Consider Texas as just one example of a state where still-reasonable housing prices and tax levels combine to make Canada very unattractive for investment by comparison.
In Texas, there is no state corporate tax but instead a “gross receipts” tax (and it’s the same in Nevada). Gross receipt taxes are not directly comparable to corporate taxes but for the other noted states, here’s the top corporate rate comparison: Arizona (4.9%), New Mexico (5.9%), and Oklahoma 6.00%).
And here’s the top personal state income tax rates in those five states: Arizona (2.59%), New Mexico (5.9%), Texas (0%) Oklahoma (5.0%), and Nevada (0%).
British Columbia’s top corporate provincial income tax rate is 12% with a top provincial income tax rate of 20.5%. Alberta has the lowest corporate tax rate in Canada at 8.0%. Its top provincial income tax rate is 15%.
British Columbians might respond that Texas is not British Columbia. That skips over the reality that the American southwest is competitive for investment whether BC politicians like it or not.
But let’s compare BC with California. California’s top state corporate tax rate is 8.84% compared with BC’s 12% rate. California’s top state personal income tax rate is 13.3% compared to BC’s 20.5%. California’s 13.3% rate kicks in only at $1 million (about $1.2 million on Canadian dollars); BC’s 20.5% rate starts at $222,421.
So what can be done?
On housing, there’s no simple remedy. A province like British Columbia is always going to be desirable given its temperate climate and thus housing is in high demand. Combine that with a high immigration rate and there’s always going to be demand pressure. Still, restrictions on land development in BC and across Canada also play a factor.

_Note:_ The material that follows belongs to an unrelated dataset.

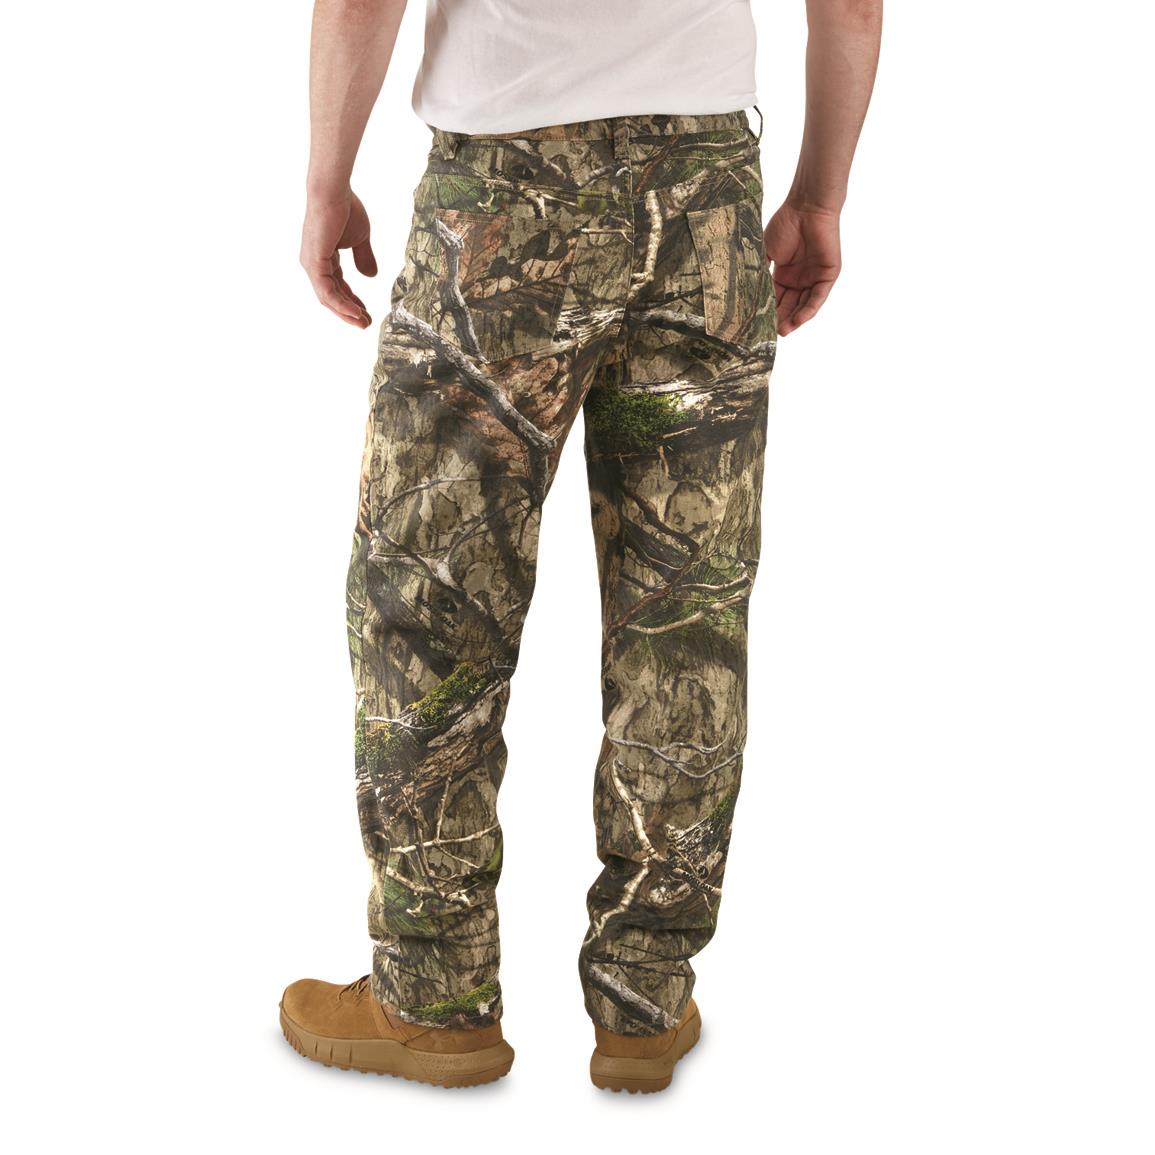 Viktos Wartorn MC Tactical Pants - 728641, Jeans & Pants at Sportsman's ...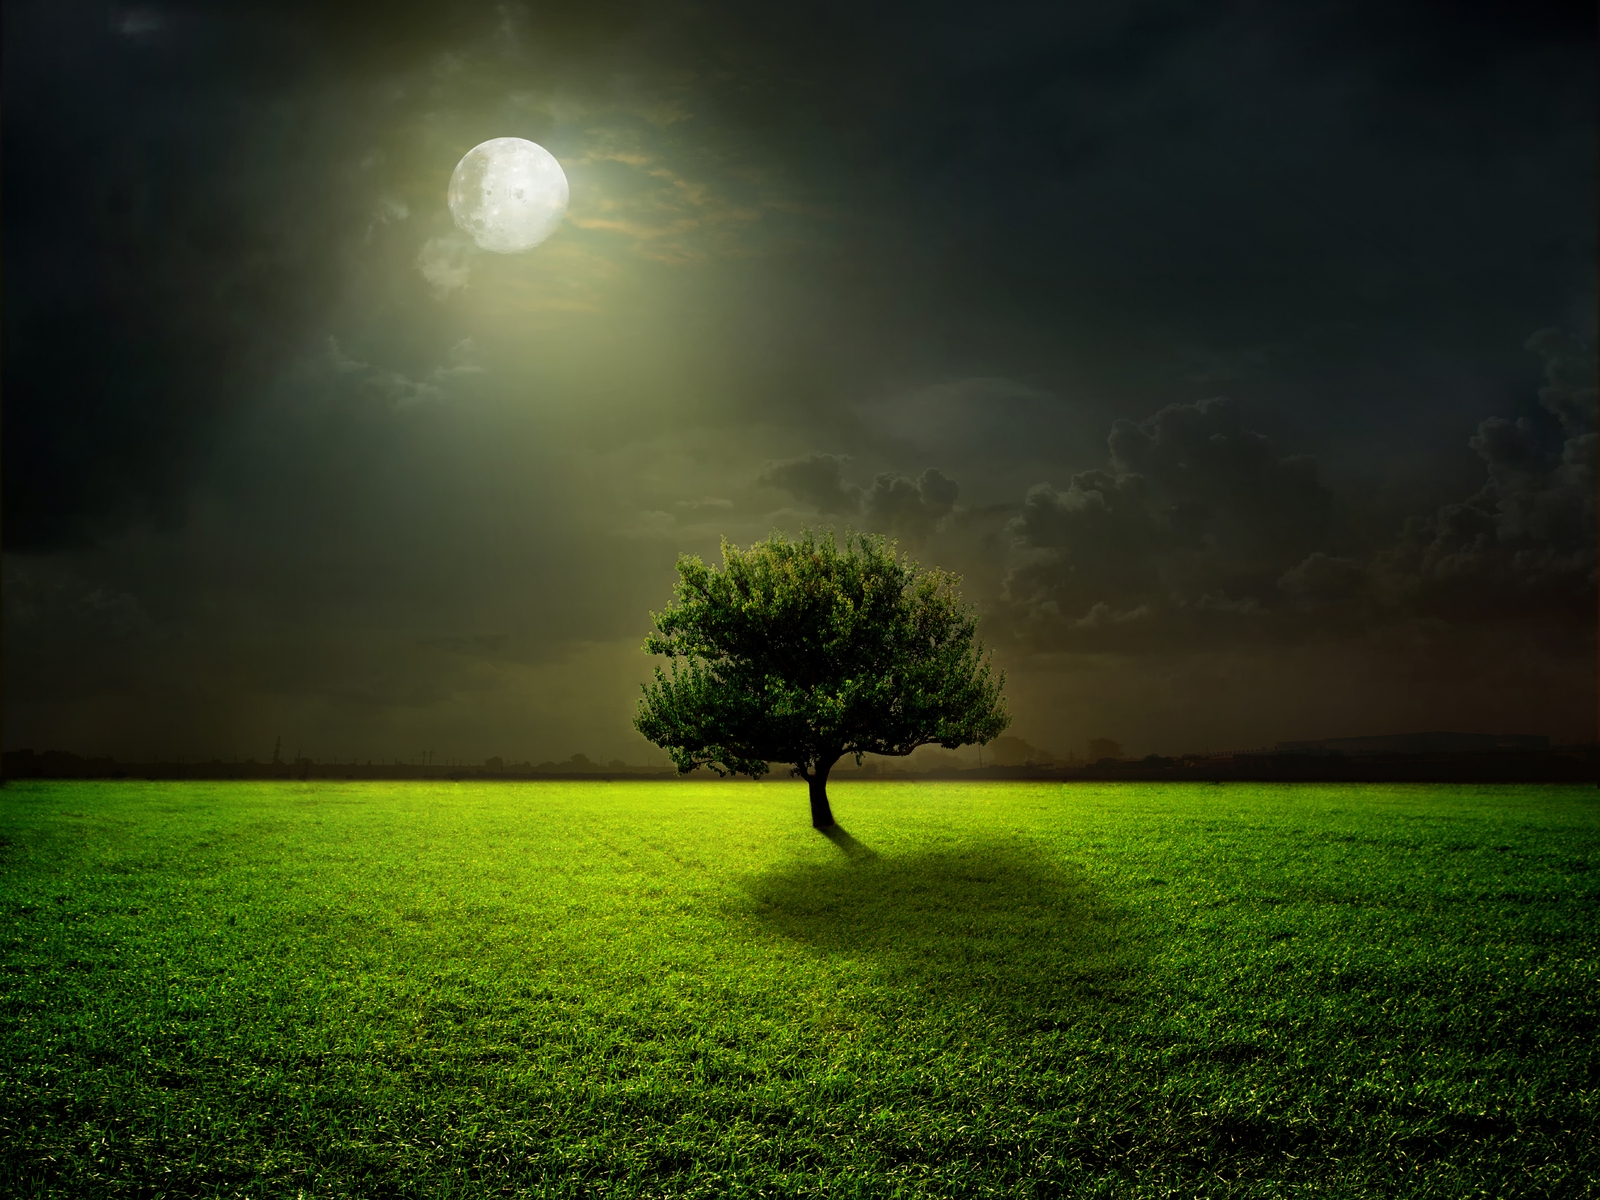 Картинка: Дерево, поле, трава, ночь, луна, полнолуние, свет, отражение, небо, облака

As for taxes, as it happens, I’ve done my bit to help make Canada more competitive. I was advising then-Alberta opposition leader Jason Kenney in 2019 when we and others discussed this campaign plank for the United Conservative Party.
I was in the room on February 1, 2019 when we and others discussed multiple options on tax policy. After several hours, I suggested one low rate as an alternative to a mish-mash of credits—and that made its way to the opposition party’s platform. The promise, announced one month later and since delivered, was to chop Alberta’s corporate tax rate by one-third, from 12% to 8%.
Back to Dallas.
The median house price for the Dallas Forth Worth metro area is $335,000, up 17 percent in the last year. So who knows? Maybe the Uber driver’s five-bedroom Dallas home is now worth $250,000, or—gasp—maybe even $275,000? Whatever it is, one can pretty much guarantee Dallas is still lower and much more affordable than most Canadian cities.
Or put another way: If Canadians want to know where the competition is for investment and jobs, it’s in the American southwest. It might be time to pay attention.
Mark Milke wears many hats and one is that of an author. His most recent book is The Victim Cult: How the culture of blame hurts everyone and wrecks civilizations.